- Born: June 3, 1844 County Waterford, Ireland
- Died: September 29, 1927 (aged 83) Prescott, Arizona, United States
- Burial place: Prescott National Cemetery
- Military career
- Allegiance: United States of America
- Branch: United States Army
- Service years: 1867–1872
- Rank: Sergeant
- Unit: 8th U.S. Cavalry
- Conflicts: Indian Wars Apache Wars
- Awards: Medal of Honor

= Nicholas Foran =

US Army Indian Wars Medal of Honor recipient (1844–1927)

Sergeant Nicholas Samuel "Sam" Foran (June 3, 1844 – September 29, 1927) was an American soldier in the U.S. Army who served with the 8th U.S. Cavalry during the Apache Wars. He was one of thirty-four men who received the Medal of Honor for gallantry in several engagements against the Apache Indians in the Arizona Territory from August to October 1868.

==Biography==
Nicholas Foran was born in County Waterford, Ireland on June 3, 1844. He later emigrated to the United States and enlisted in the U.S. Army in St.

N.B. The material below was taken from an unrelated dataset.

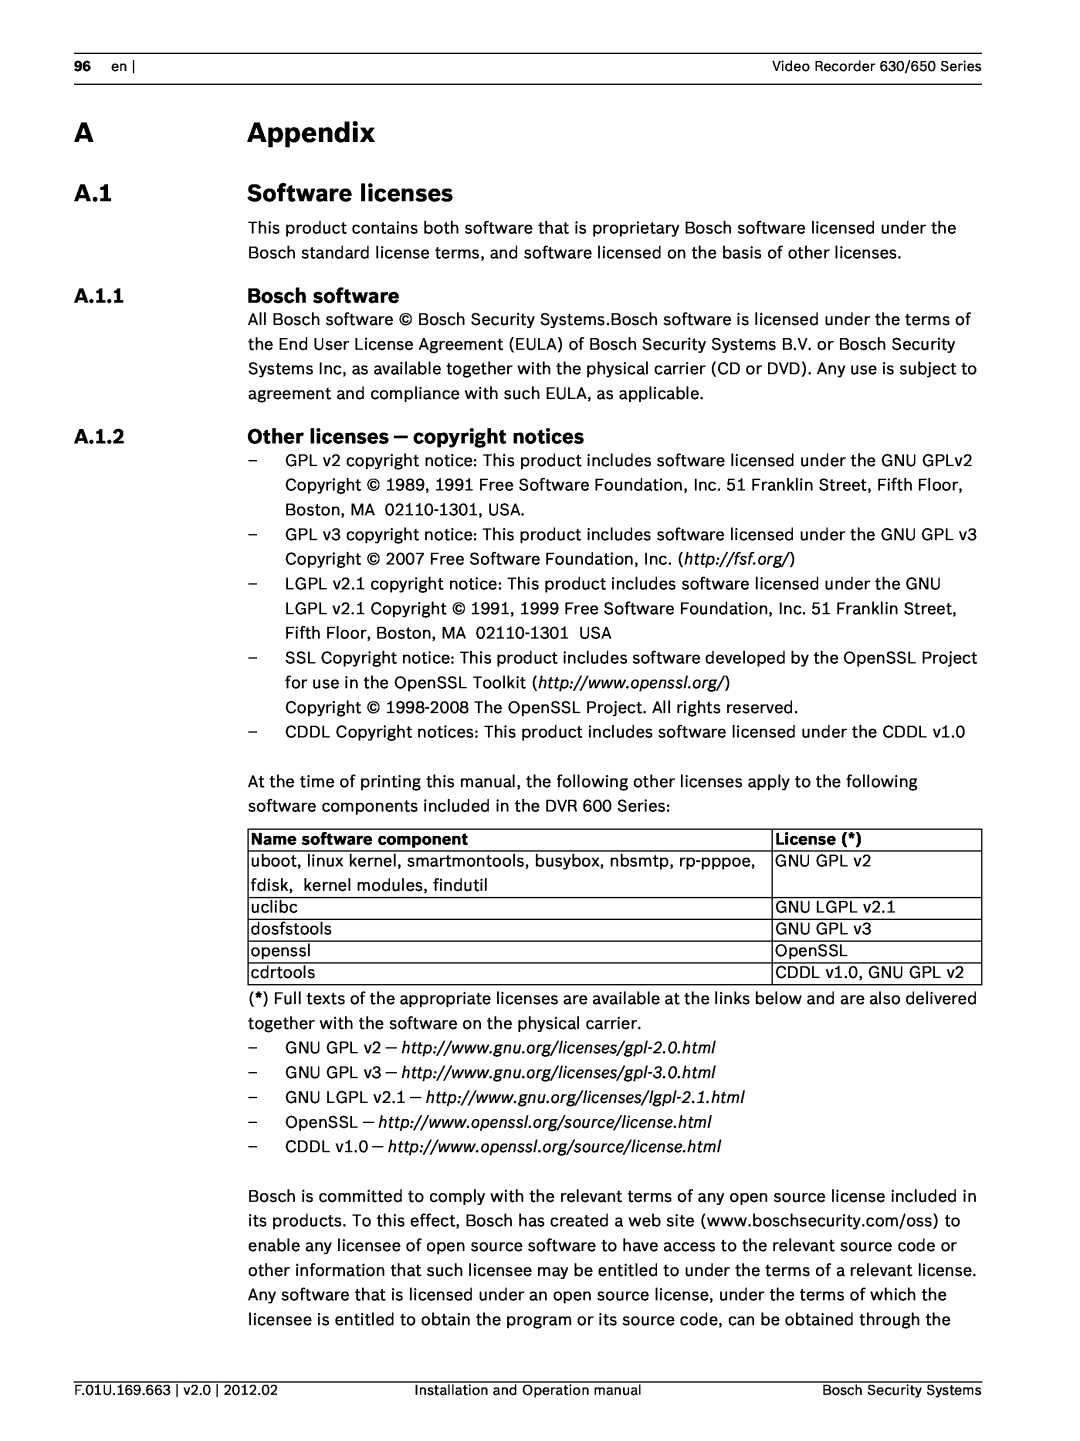 Bosch Appliances 650, 630 Appendix, Software licenses, A.1.1, Bosch software, A.1.2, Other licenses - copyright notices 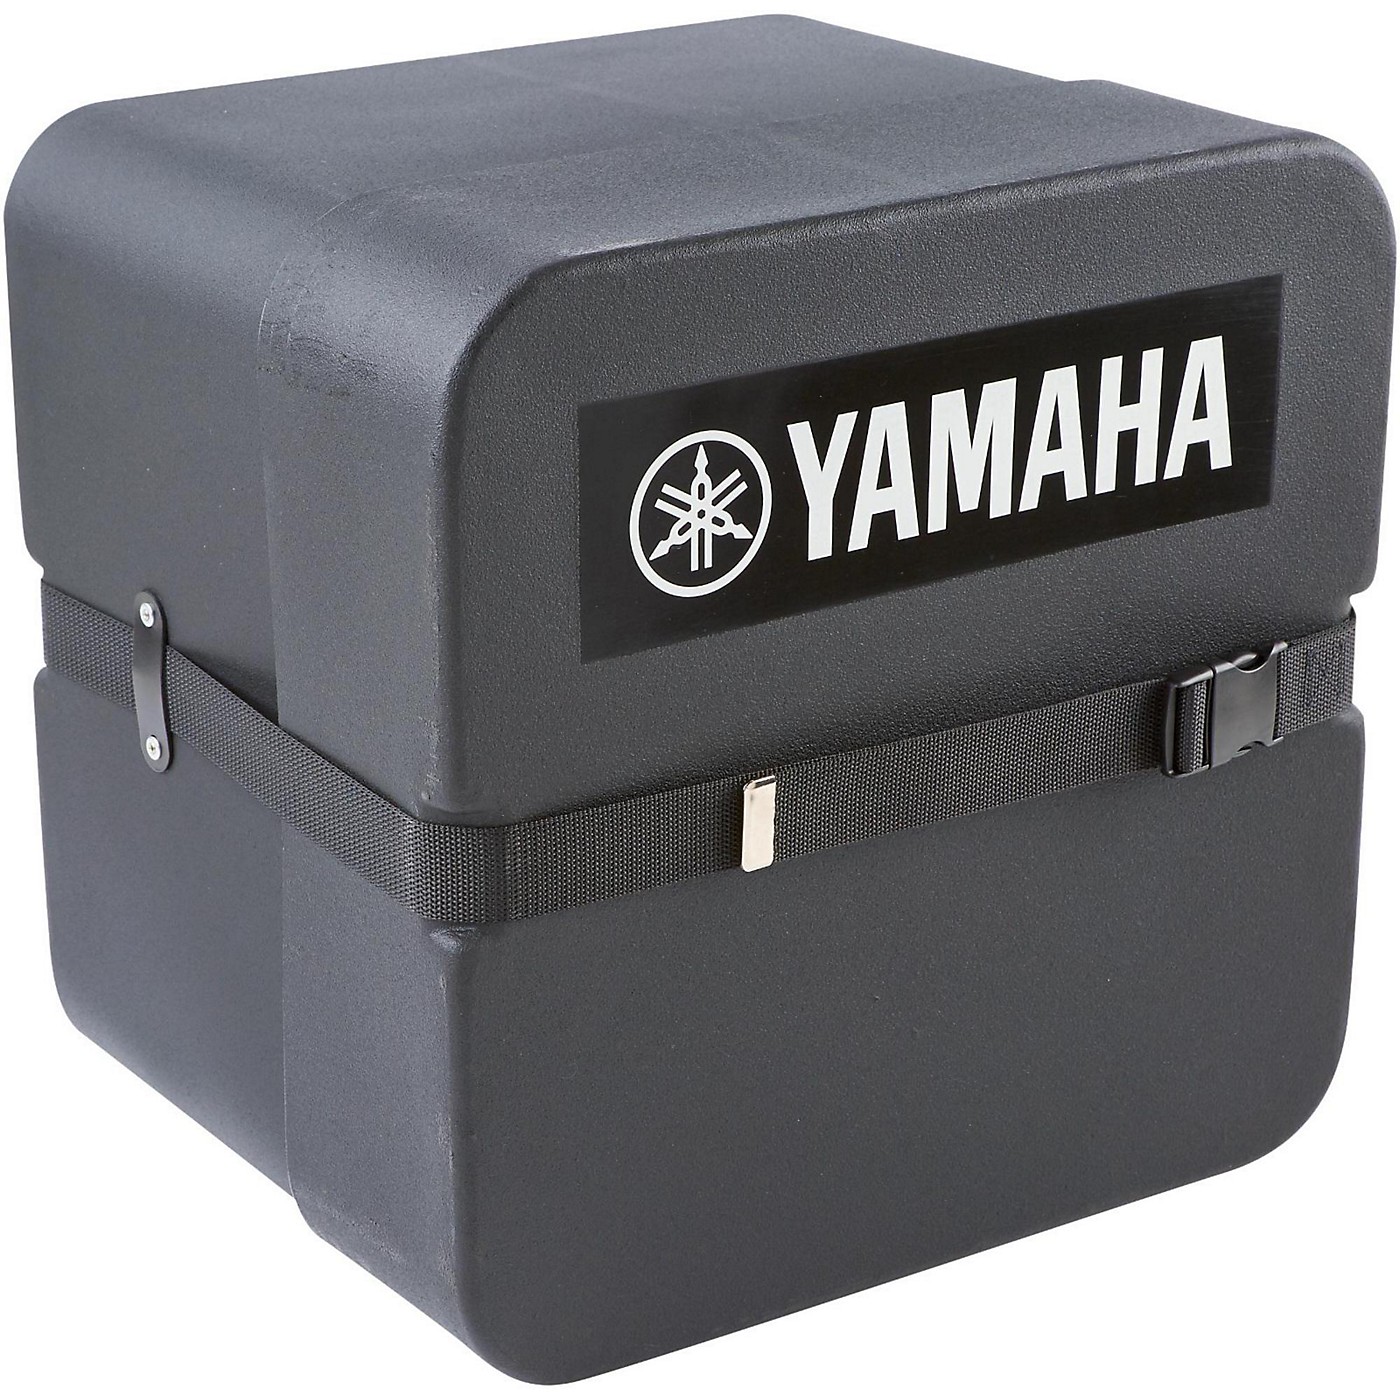 Yamaha 14x12

Louis, Missouri in 1867. Assigned to frontier duty with the 8th U.S. Cavalry, Foran participated in the Apache Wars in the late-1860s. In the late summer and fall of 1868, Foran was part of a small cavalry detachment ordered to secure settlements and protect the Arizona Territory from Apache raiding parties. From August to October, a group of 50–60 cavalry troopers from Companies B and L frequently fought the Apache during their patrols. Cavalrymen such as Foran experienced ambushes and sniper attacks from hidden ravines. After the campaign's end, he and thirty-four other men received the Medal of Honor for "bravery in scouts and actions against Indians". The award presentation, held on July 24, 1869, was one of the largest held at the time.

Foran was later posted to Fort Whipple in Prescott, Arizona. In 1872, he was finally discharged from Fort Union, New Mexico at the rank of sergeant. Returning to Arizona, he worked the mines in the McCabe district for 35 years before permanently settling in Prescott. His home at 144 North Granite Street, which no longer exists, was opened to the poor and said to be a "haven for all". Foran died in Prescott on September 29, 1927, at the age of 83. He was interred at Prescott National Cemetery. His a biography of his life, in which he was praised as a "typical trail blazer and a Western pioneer", was published in the Evening Courier three days after his death.

On May 27, 1984, a new headstone officially recognizing Foran as an MOH recipient was placed at his gravesite. Although a special government project had started marking gravesites in 1976, it took nearly 8 years before Foran was confirmed as an award recipient in the fall of 1983 by the Medal of Honor Historical Society in Alexandria, Virginia.

==Medal of Honor citation==
Rank and organization: Private, Company L, 8th U.S. Cavalry. Place and date: Arizona, August to October 1868. Entered service at:------. Birth: Ireland. Date of issue: July 24, 1869.

Citation:

Bravery in scouts and actions against Indians.